Problem to work on | Copy the data exactly; pictures stay out of the copy.

Information provided |
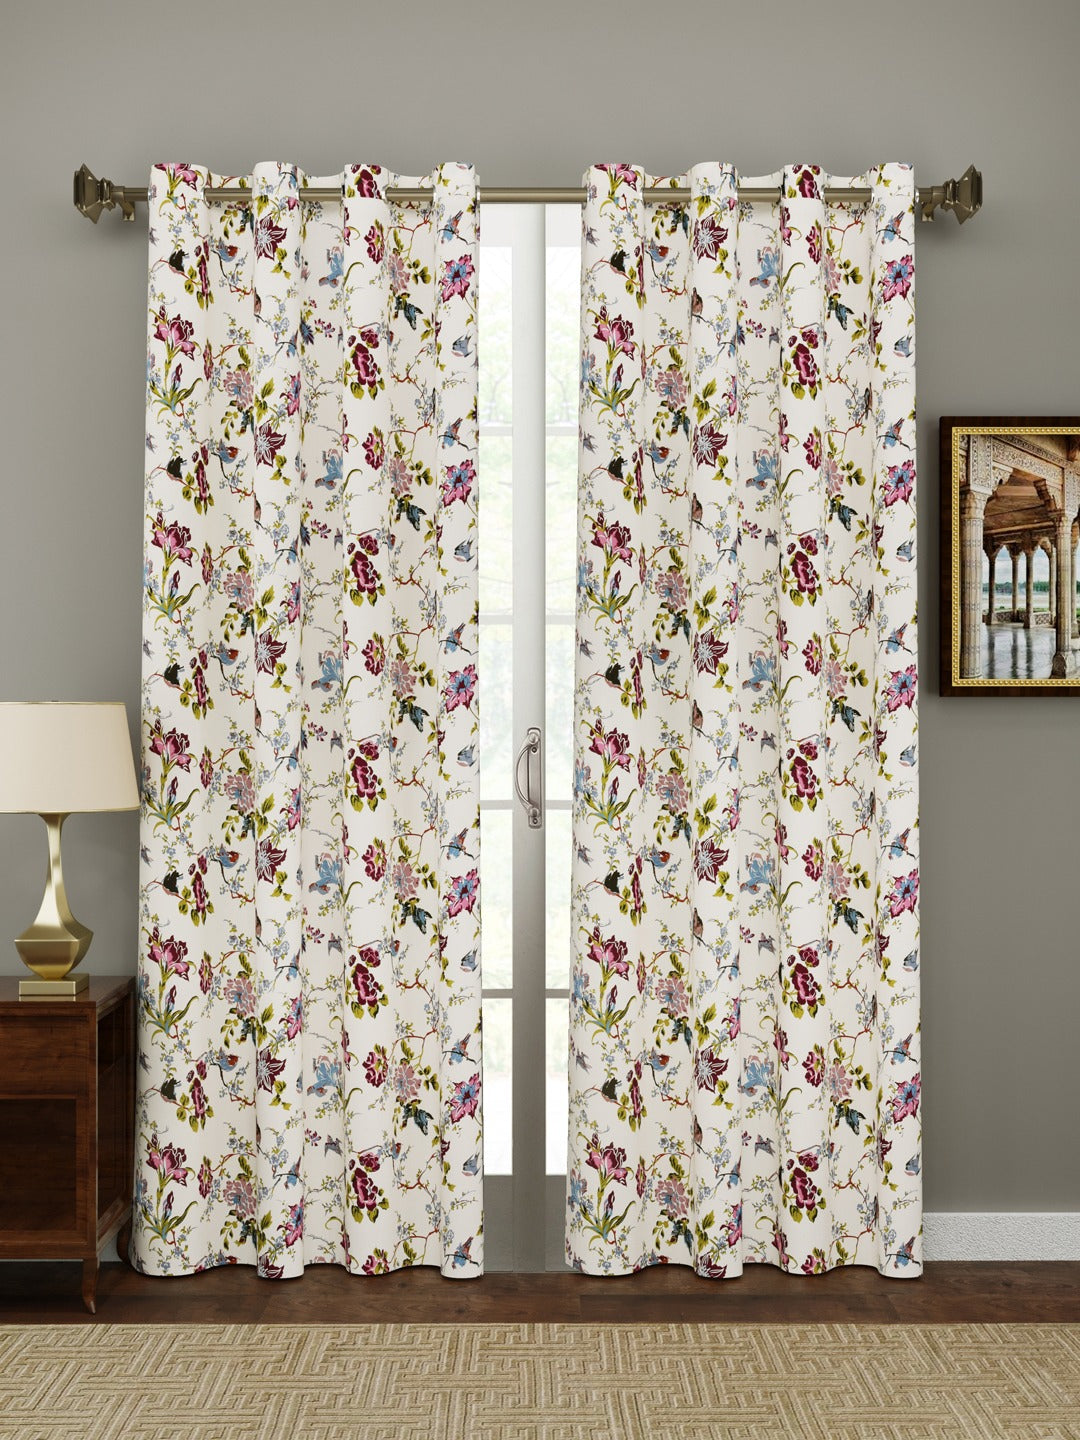 Cotton Floral Printed Curtains - Set of 2 - 7X5 feet
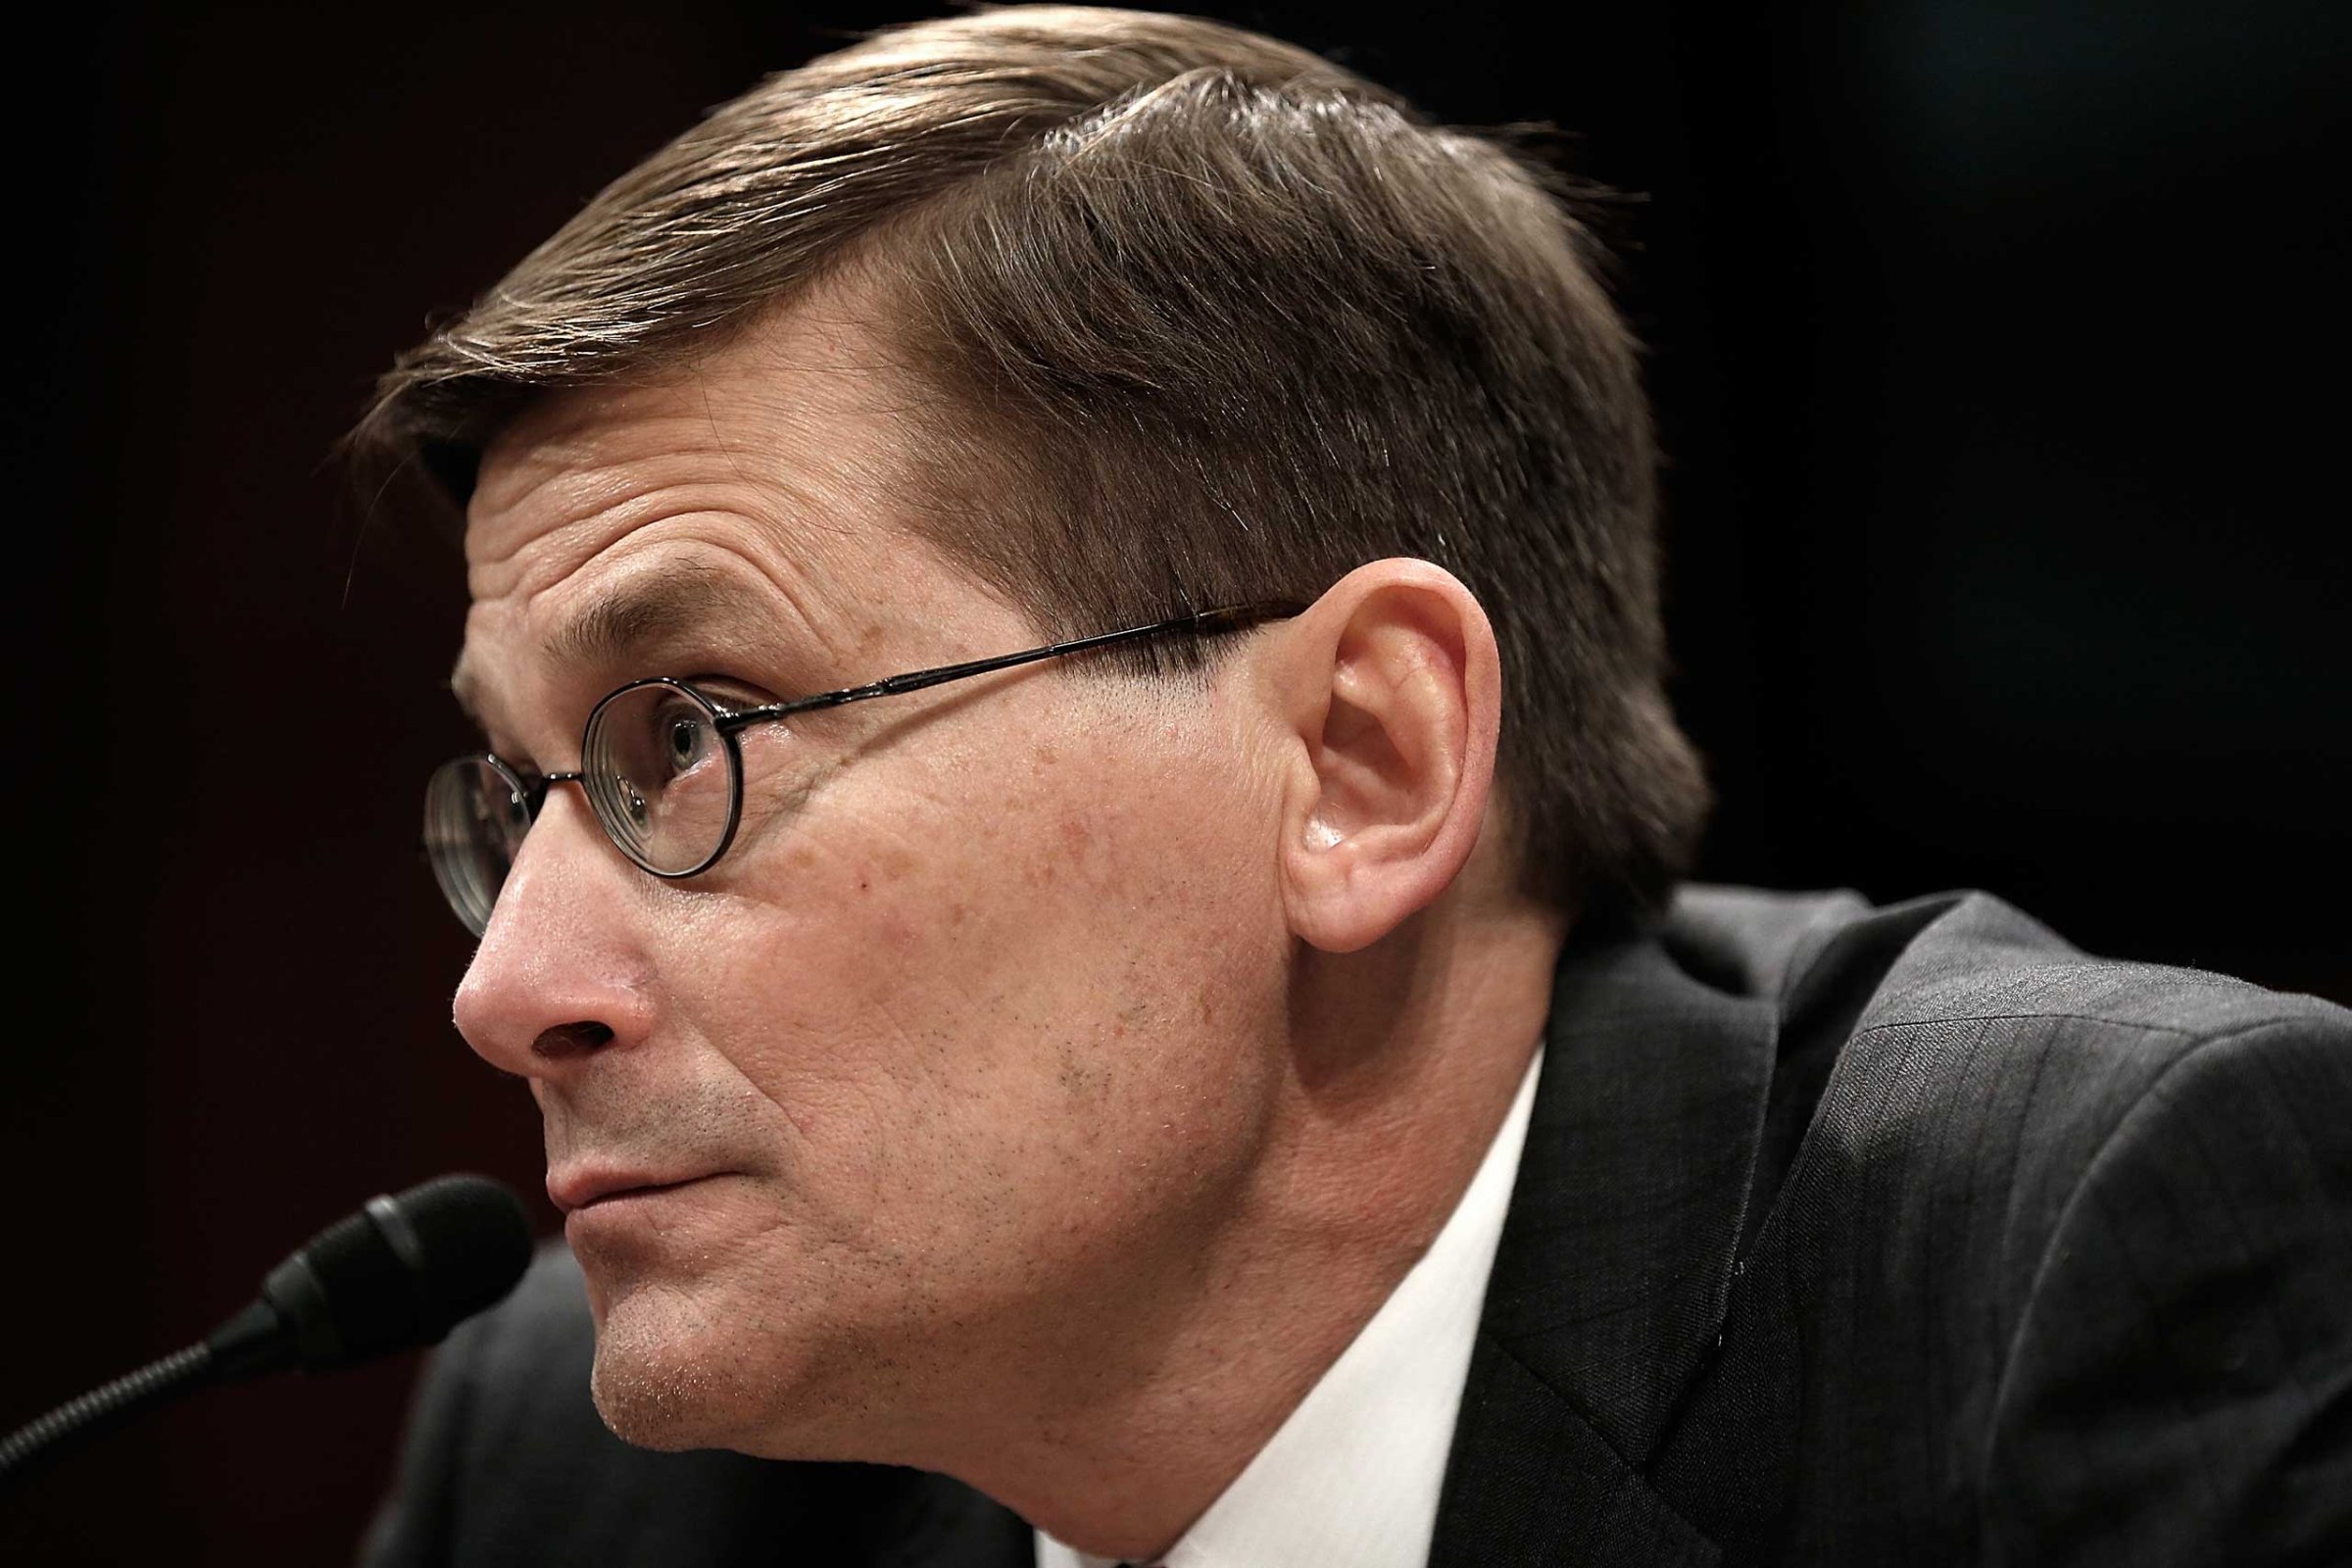 Former Deputy CIA Director Michael Morell testifies before the House Select Intelligence Committee April 2, 2014 in Washington, DC.
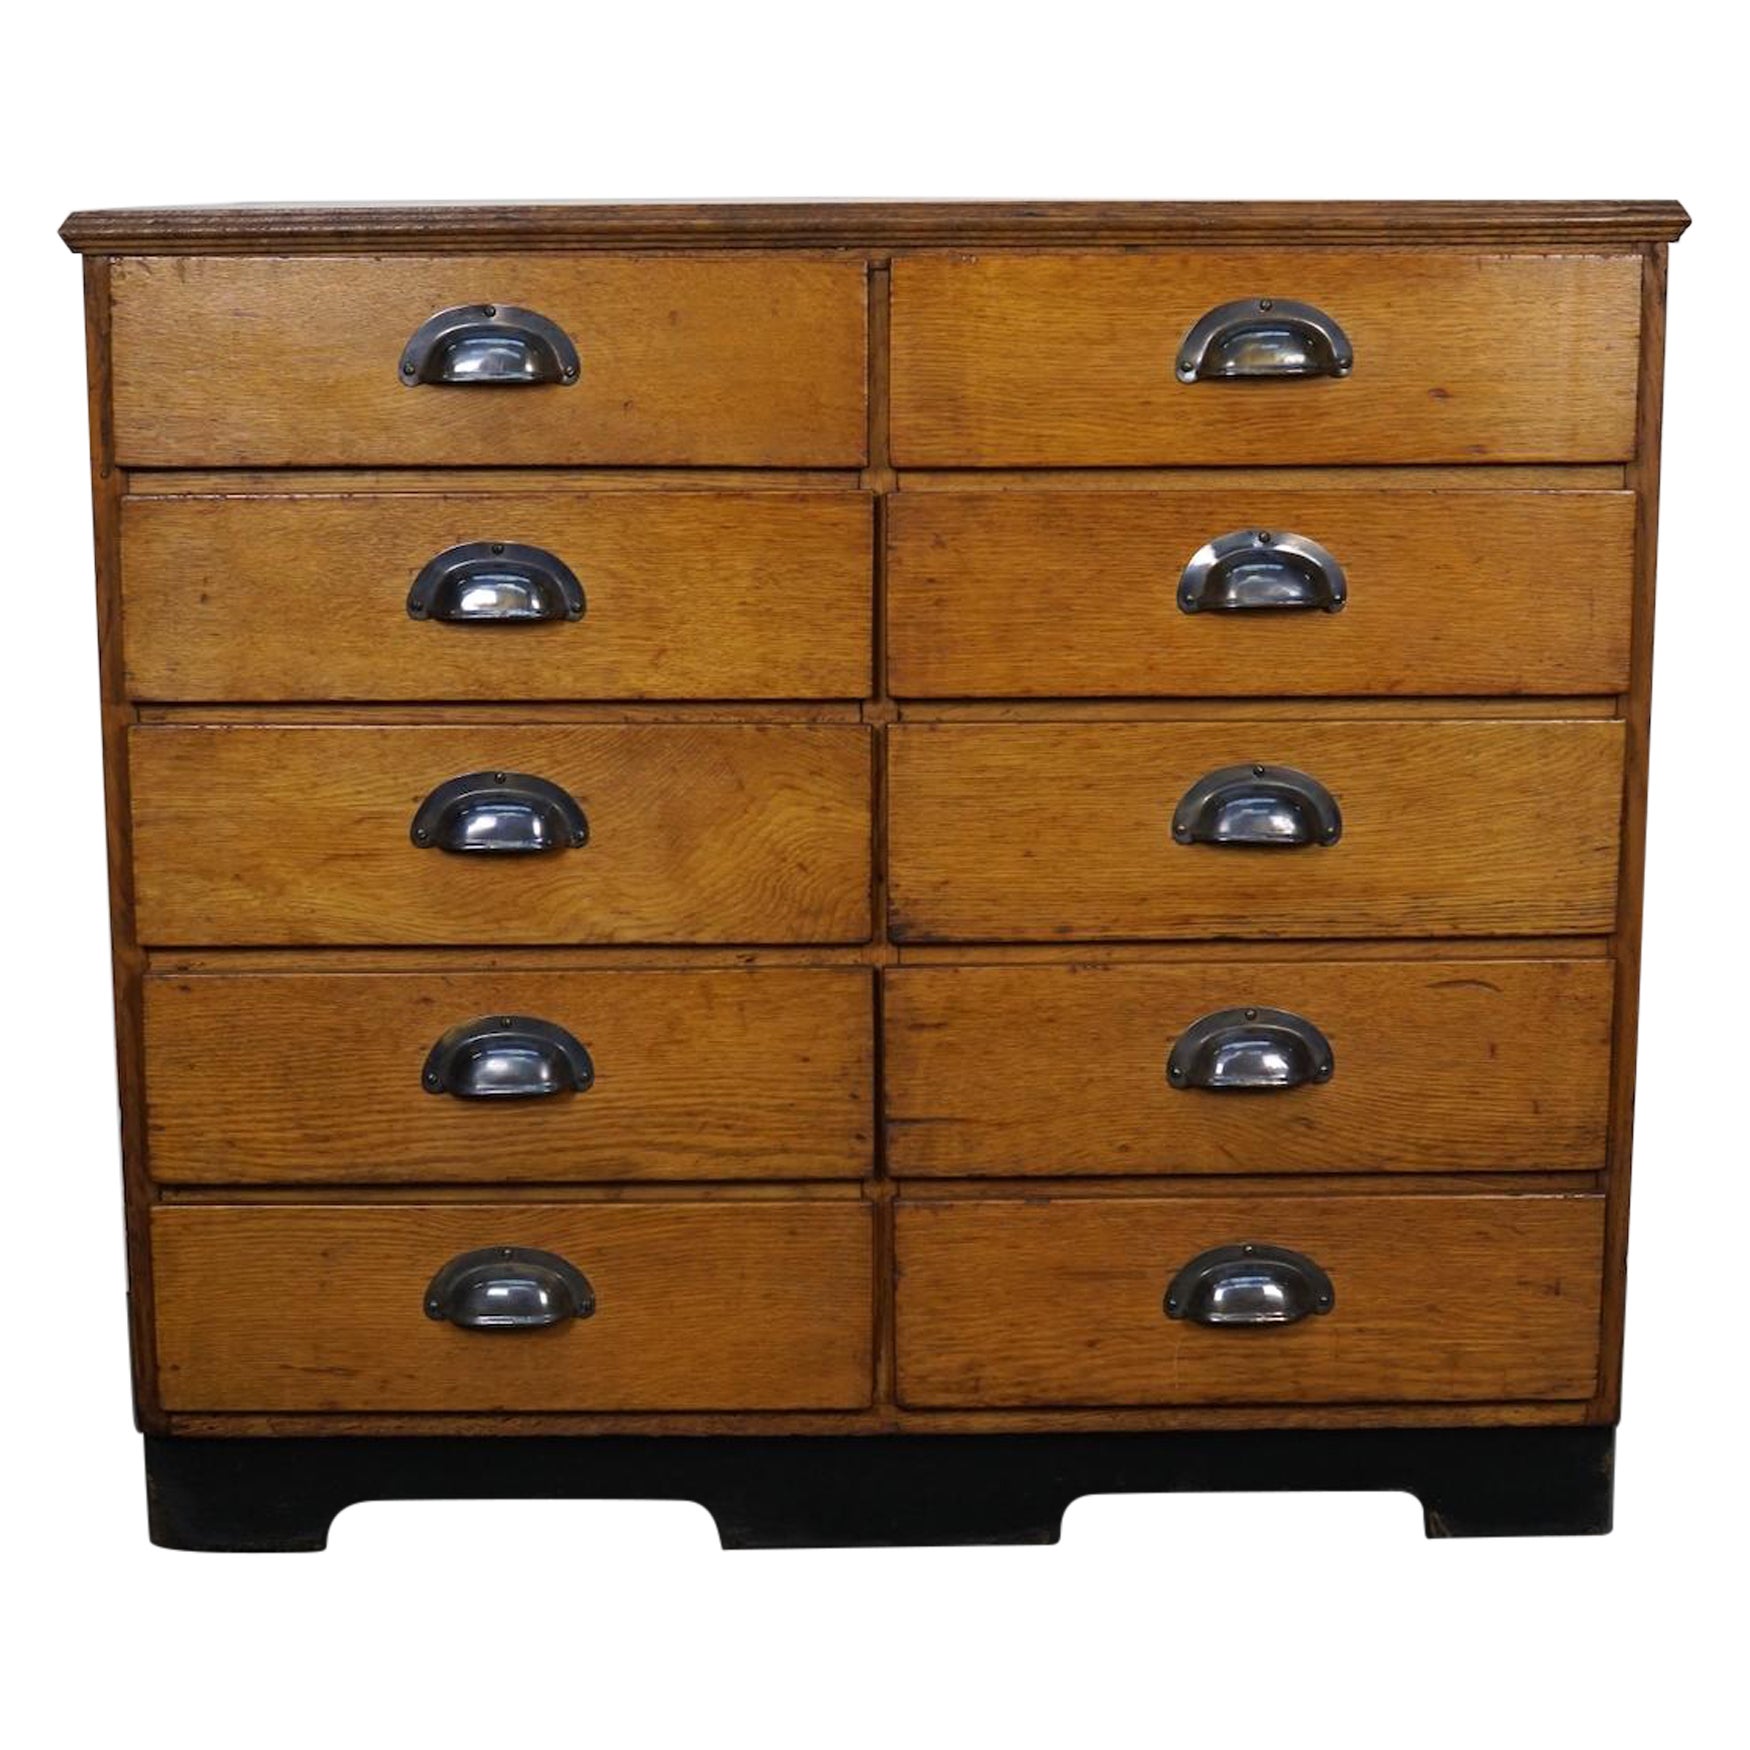 German Oak / Pine Apothecary Cabinet or Bank of Drawers, Mid-20th Century For Sale

Answer to this task |
 Cotton Floral Printed Curtains - Set of 2 - 7X5 feet
 Former Deputy CIA Director Michael Morell testifies before the House Select Intelligence Committee April 2, 2014 in Washington, DC.
 German Oak / Pine Apothecary Cabinet or Bank of Drawers, Mid-20th Century For Sale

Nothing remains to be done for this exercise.